Nicht-interaktives Einhängen

Will man den Abfragedialog komplett umgehen, so ist dies möglich, indem man den Befehl mount mit der Option -i aufruft.

Da nun aber auch die Passphrase nicht mehr abgefragt wird, muss diese zuvor händisch in den Kernel-Keyring geladen werden. Dies geschieht beispielsweise mit dem Befehl:

sudo ecryptfs-add-passphrase 

Danach kann das Einhängen mit dem bereits oben genannten, um -i erweiterten mount-Befehl erfolgen (Achtung: Signaturen anpassen!):

sudo mount -i -t ecryptfs -o ecryptfs_passthrough=n,ecryptfs_enable_filename_crypto=y,ecryptfs_sig=daa8dae0cdecf593,ecryptfs_fnek_sig=daa8dae0cdecf593,ecryptfs_unlink_sigs,ecryptfs_key_bytes=16,ecryptfs_cipher=aes ~/.geheim ~/geheim 

Einhängen mit Benutzerrechten

Wie bereits am Anfang des Artikels beschrieben sind zum Einhängen von Dateisystemen grundsätzlich Root-Rechte erforderlich.

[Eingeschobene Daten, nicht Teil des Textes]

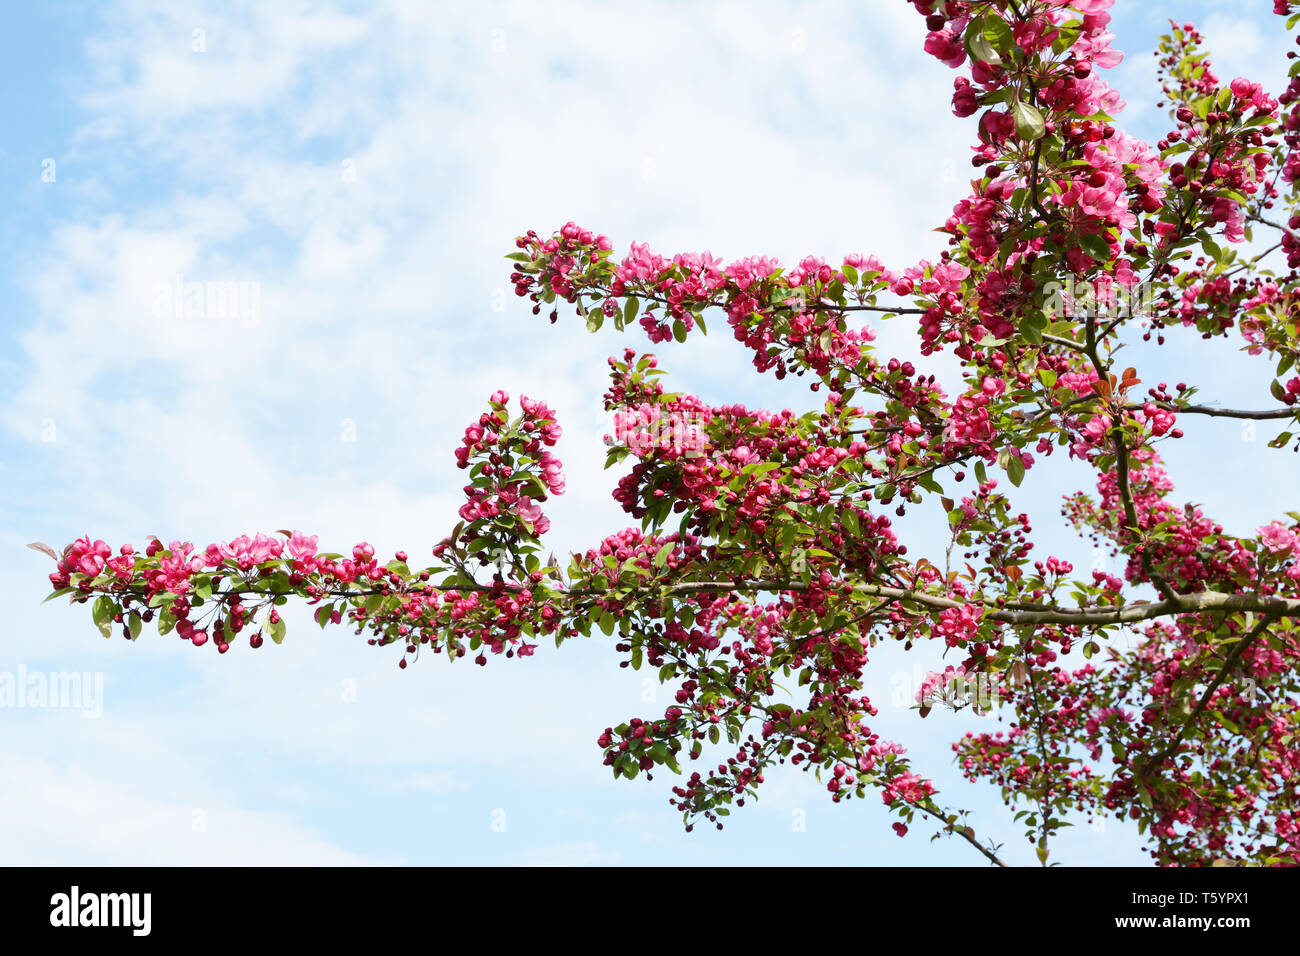 Branches of a crab apple tree covered in abundant deep pink blossom criss-cross against a cloudy blue sky Stock Photo
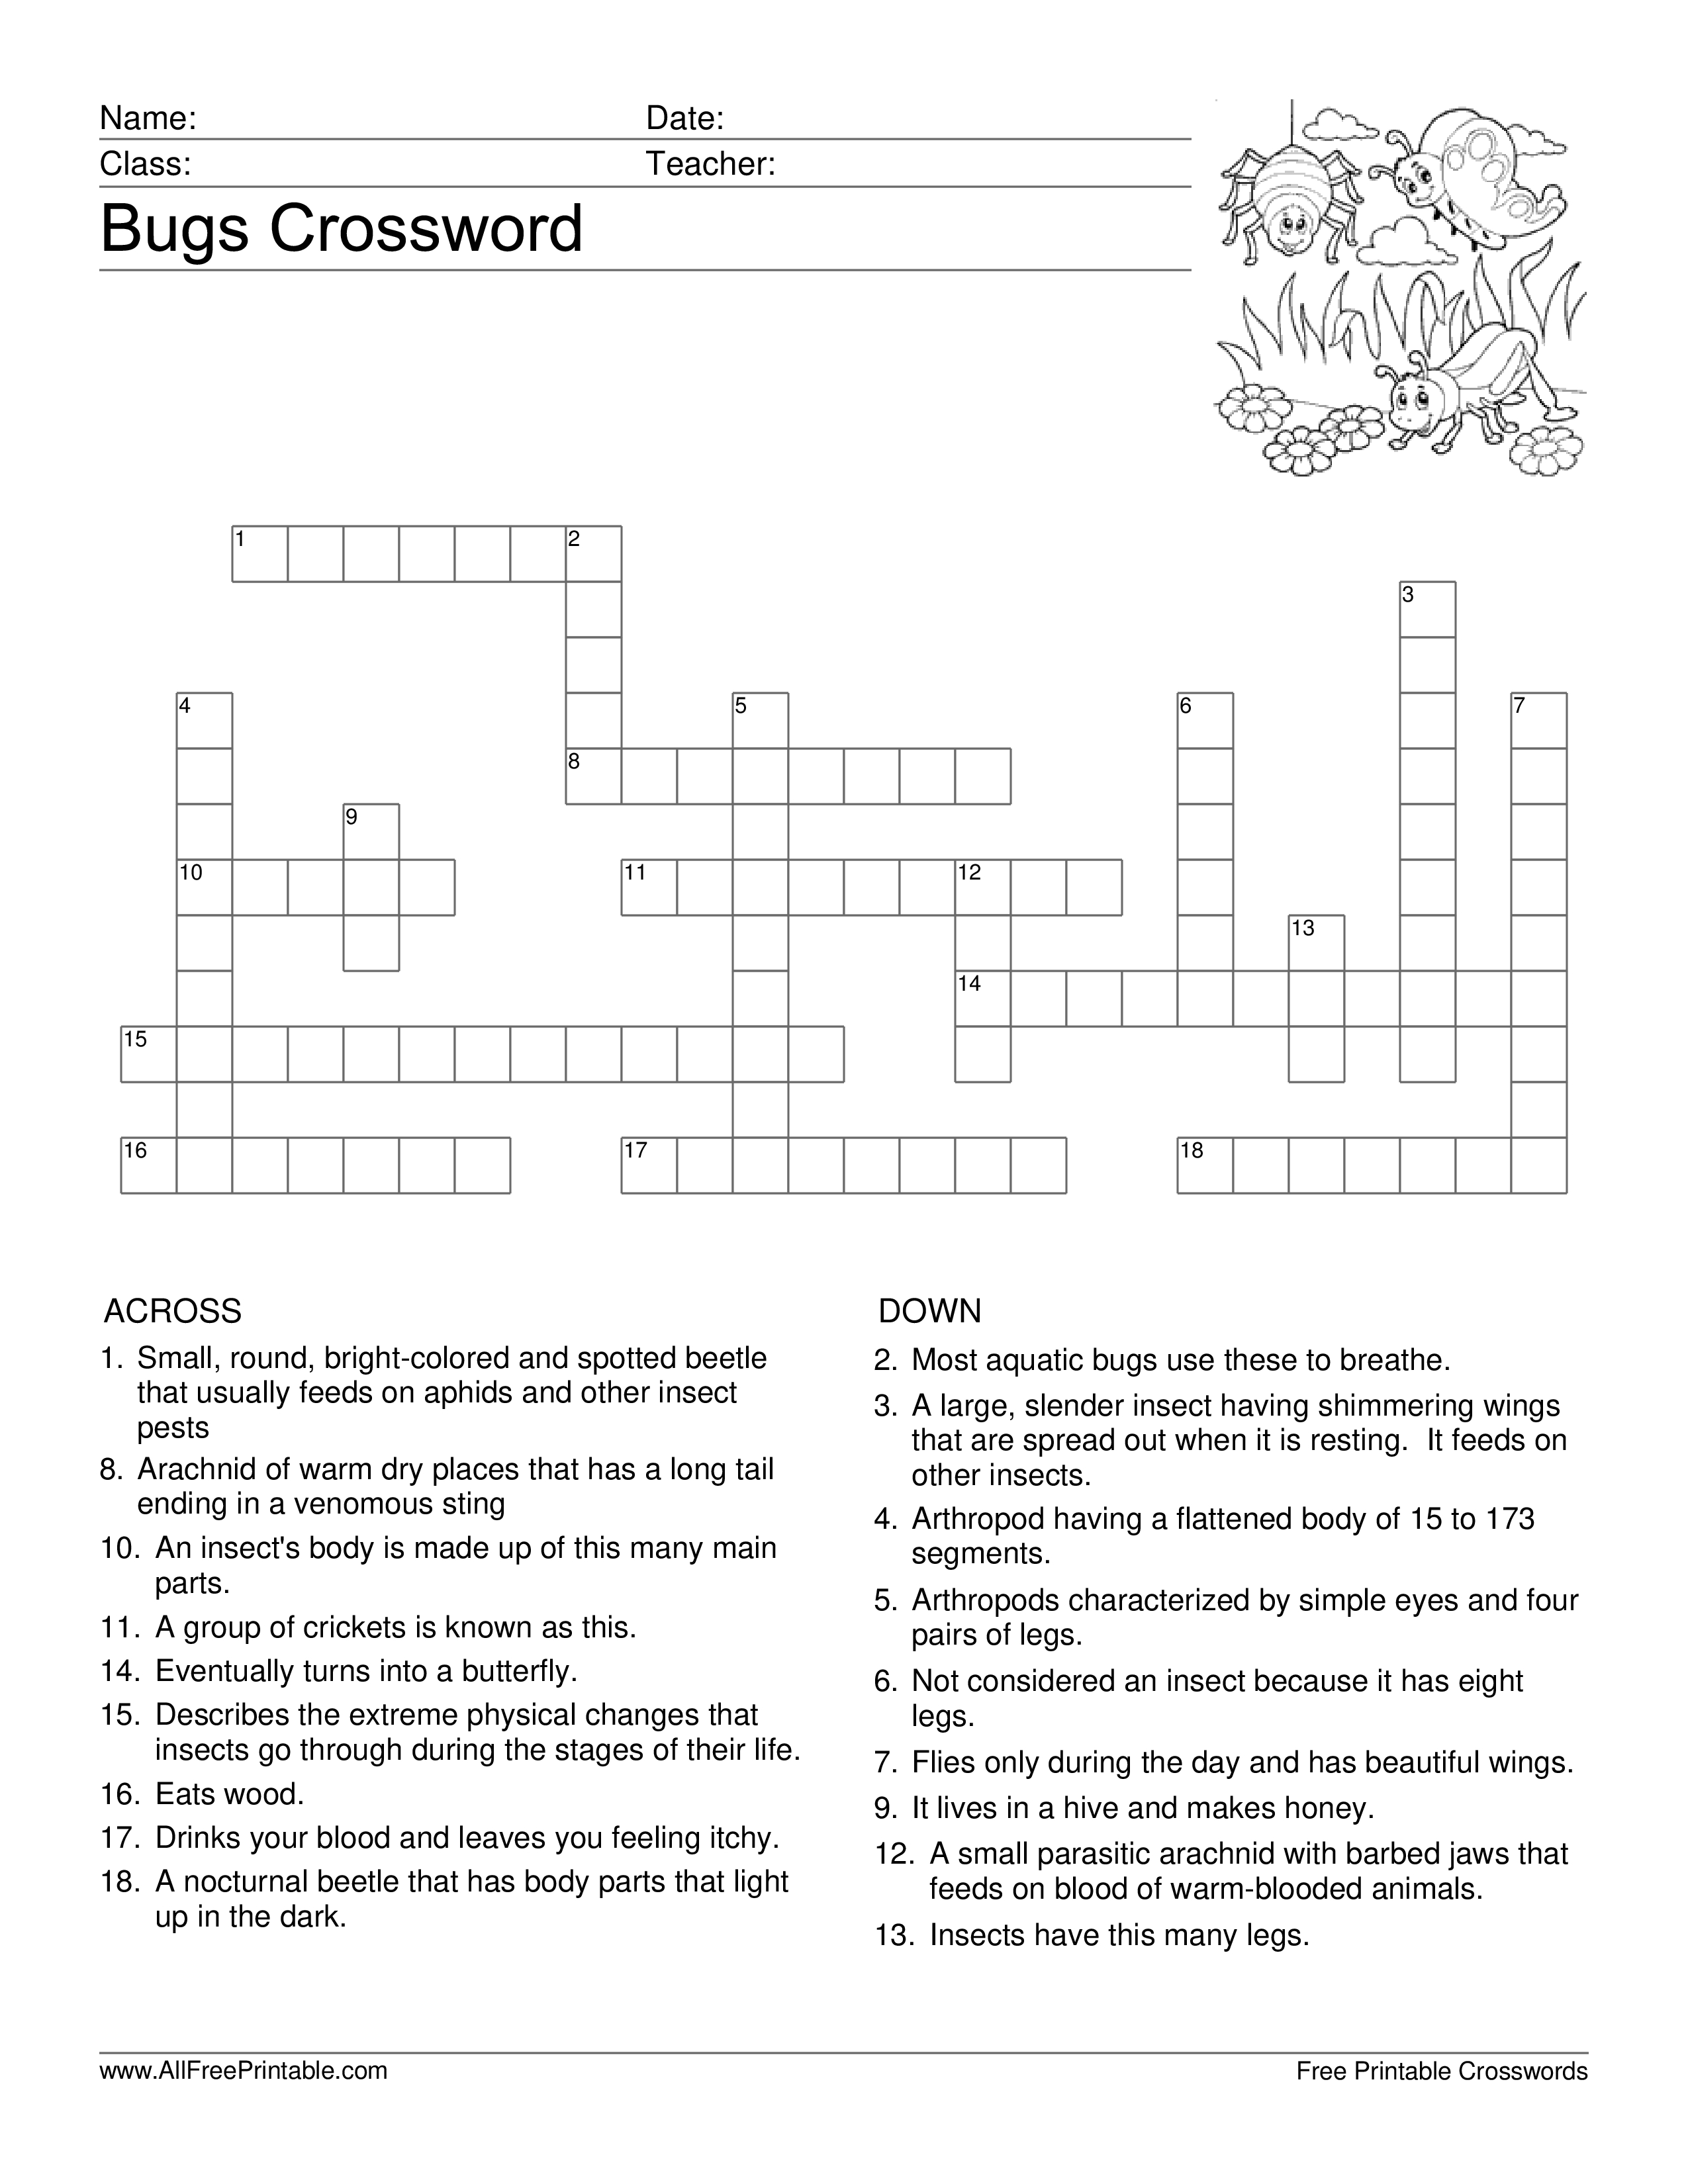 Bugs Crossword Puzzle Template | Templates At Allbusinesstemplates - Printable Crossword Template

Ausnahmen bilden (neben FUSE) nur jene Dateisysteme, für die zuvor ein Einhängepunkt in der Datei /etc/fstab definiert und dieser mit der Option user versehen wurde.

Für das Einhängen mit nicht-privilegierten Rechten ist somit zwingend dieser Eintrag zu erstellen.

Einrichtung

Voraussetzung für die nächsten Schritte ist, dass das betroffene Verzeichnis eingehängt ist.

Die Datei /etc/mtab enthält Informationen über die aktuell einhängten Dateisysteme. Da diese im gleichen Format wie die Einträge der /etc/fstab vorliegen, können diese direkt übernommen werden.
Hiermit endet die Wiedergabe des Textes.